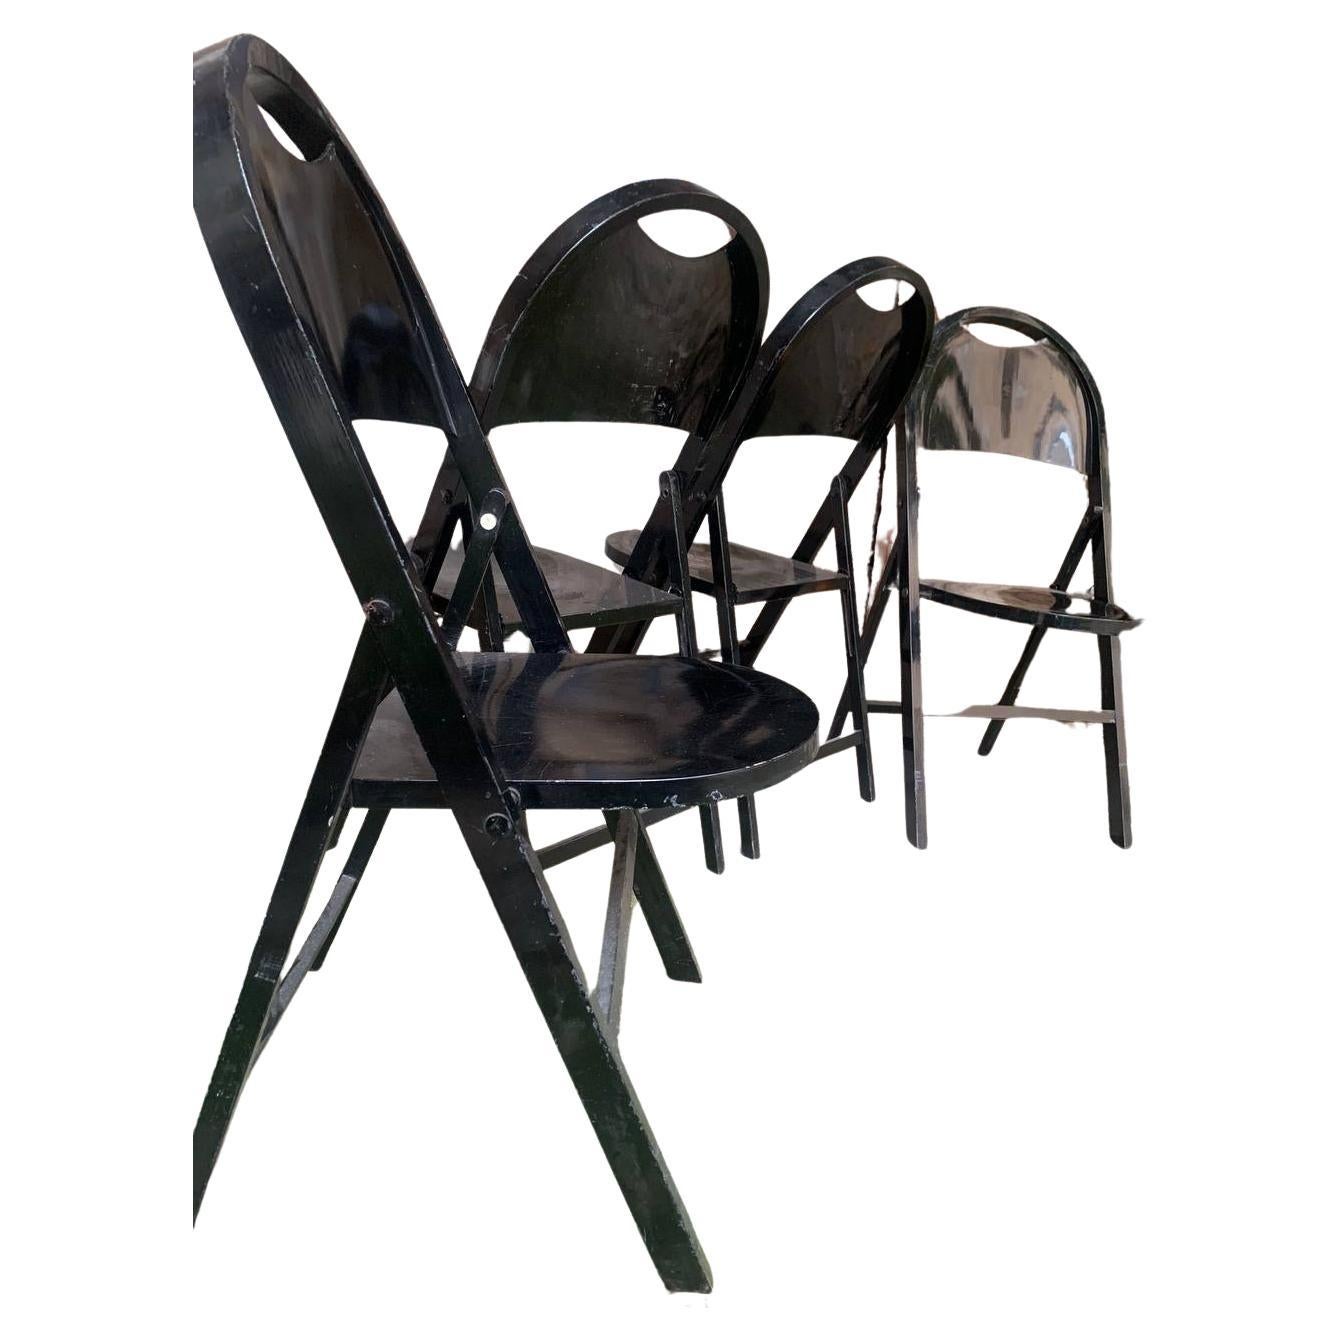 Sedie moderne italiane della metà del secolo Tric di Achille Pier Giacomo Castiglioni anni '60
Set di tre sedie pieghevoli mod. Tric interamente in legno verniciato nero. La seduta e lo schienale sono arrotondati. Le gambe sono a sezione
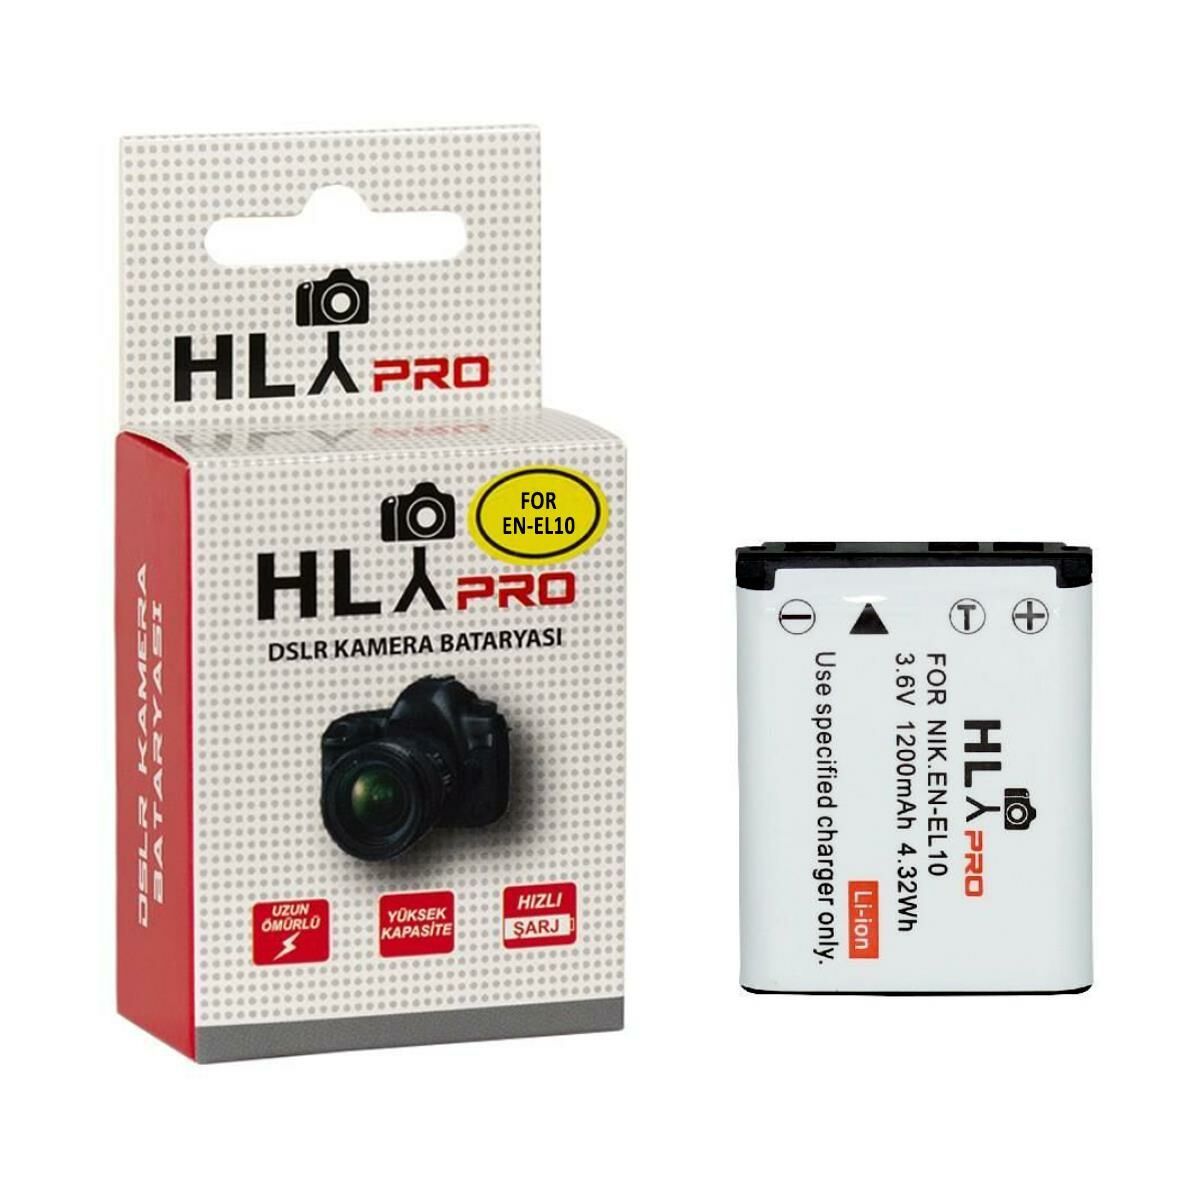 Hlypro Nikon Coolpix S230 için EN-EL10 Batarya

━━━

» **Action item**
The required output is the span of lines from the line with "Set di tre sedie" through the final line of the listing above, reproduced exactly, minus the pictures.

» **The completed task**
Set di tre sedie pieghevoli mod. Tric interamente in legno verniciato nero. La seduta e lo schienale sono arrotondati. Le gambe sono a sezione
 Hlypro Nikon Coolpix S230 için EN-EL10 Batarya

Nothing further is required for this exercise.